2018’deki cumhurbaşkanı adaylarının aldıkları oylara bakıyoruz, topluyoruz, 2023’te aldığımızla aynı: Yüzde 47,8. Yüzde 48’i yüzde 51’e çıkarabilmeliydik, çıkmadı. Bu döneme kadar birçok şey yapıldı ama bu bizi iktidar yapma noktasına taşımadı. Bu seçimlerin bize ilk göstermesi gereken şey, değişim kapasitesinin artık tıkandığı. Burada da değişim bir kapasite ikmaliyle, yani birilerini takviye ederek olmaz. Yeni kapasite ikmali olmalı.
"Değişim liderlik değişimiyle başlar"
Nasıl olacak bu kapasite ikmali?
Değişimin içeriğini söyledik. Örgüt, kadro, program, söylem, anlayış, tutum değişikliği diye. Ama değişimin önce bir motoru, heyecanı olması lazım. Bu moral bozukluğunu ortadan kaldıracak bir çıkışa ihtiyaç var. Onun için değişim önce liderlik değişimiyle başlar. Çünkü büyük değişimler liderlik değişimiyle başlamıştır. Aslında 2010 yılında övdüğüm o önemli dönüşüm, liderlik değişimiyle başladı.
Rahmetli Deniz Bey’in davaya çok büyük katkıları oldu. Çok iyi bir siyasetçiydi. Ama o da tıkanmıştı. 2010 yılında Kemal Bey'in gelişi morali, motivasyonu, büyük dönüşümün altyapısını hazırladı. Heyecan olmadan dönüşüm olmaz. Hele de böyle büyük bir travmanın yaşandığı yerde, 13 yıl genel başkanlık yaptıktan sonra, bir kere değişim öncelikle genel başkanla olmalı. Genel başkanla birlikte liderlik kadrosunun değişmesi lazım. Ben de dahil.

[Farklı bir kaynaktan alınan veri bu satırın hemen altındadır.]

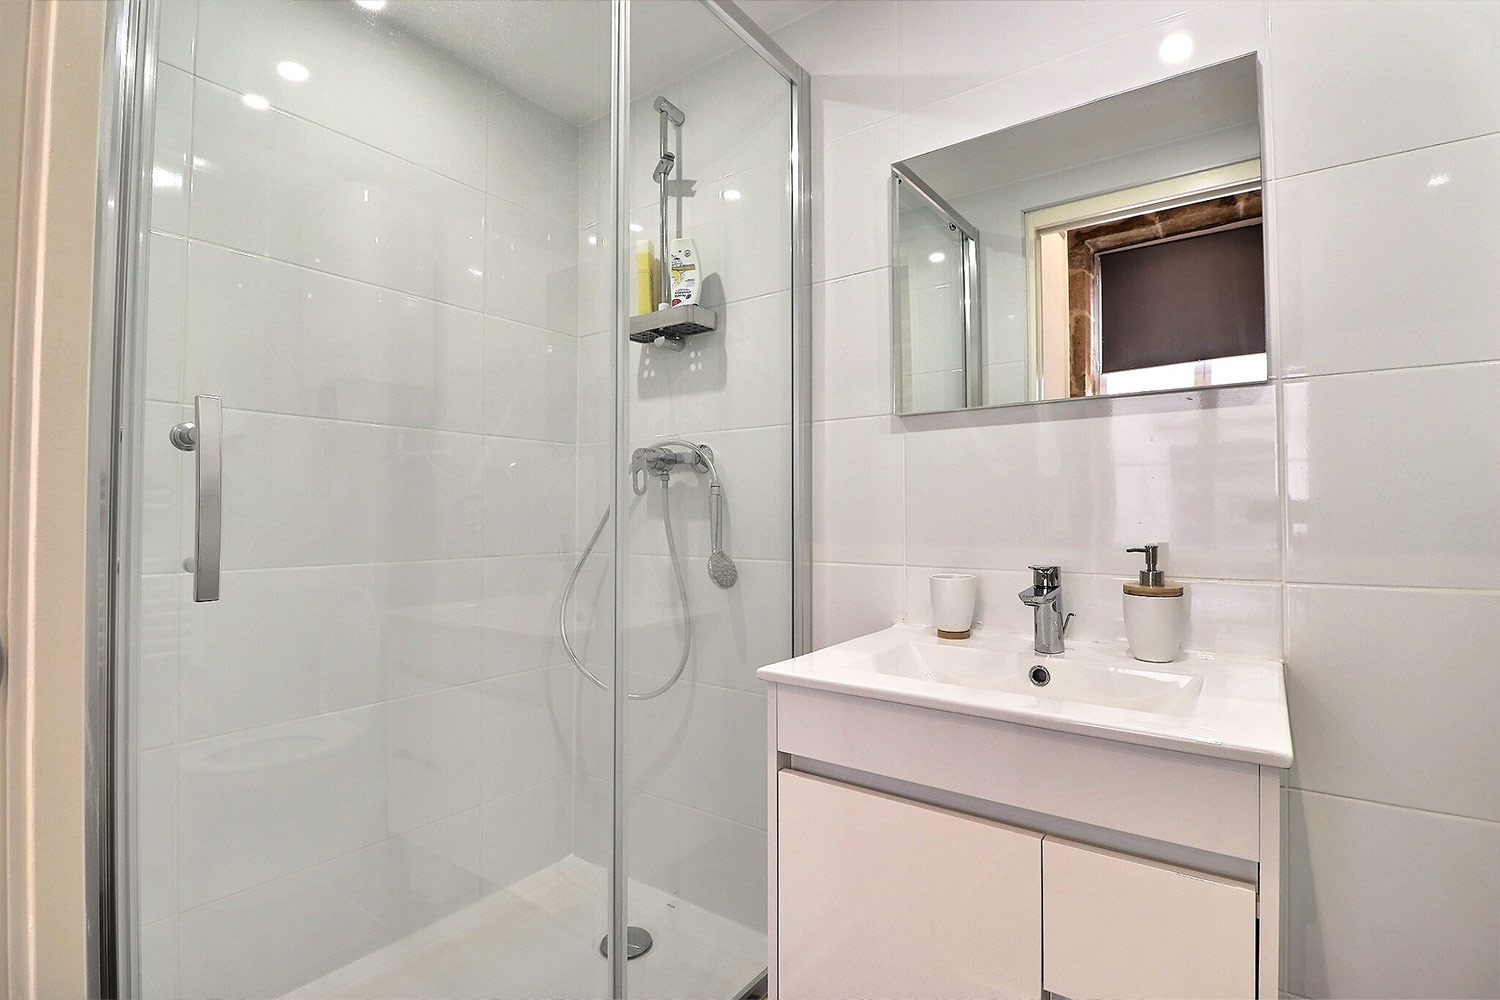 Salle de bain avec douche à l'italienne dans cet appartement à Lyon 5

Yani hiç kimse bu süreç içerisindeki sorumluluğunu kenara bırakıp, “Şu değişsin ama ben kalayım” deme hakkına sahip değil. Tekrar görev düşerse tekrar yaparız ama bu bilinçle yaparız.
CHP’nin 1970’lerdeki değişimi, liderlik değişimiyle oldu. Bir kadro hareketi başladı. Bülent Ecevit, programındaki dönüşümü genel başkan olduktan sonra sağladı. Deniz Bey'den sonra, parti 2010 yılında Kemal Bey'in gelmesiyle bu önemli değişiklikleri sağladı. Şimdi artık değişim kapasitesinin sonuna geldik. Yeni kapasite ikmali için önce yeni liderlik ihtiyacı var. Onu bir kere net söylememek, etrafından dolanmak demektir.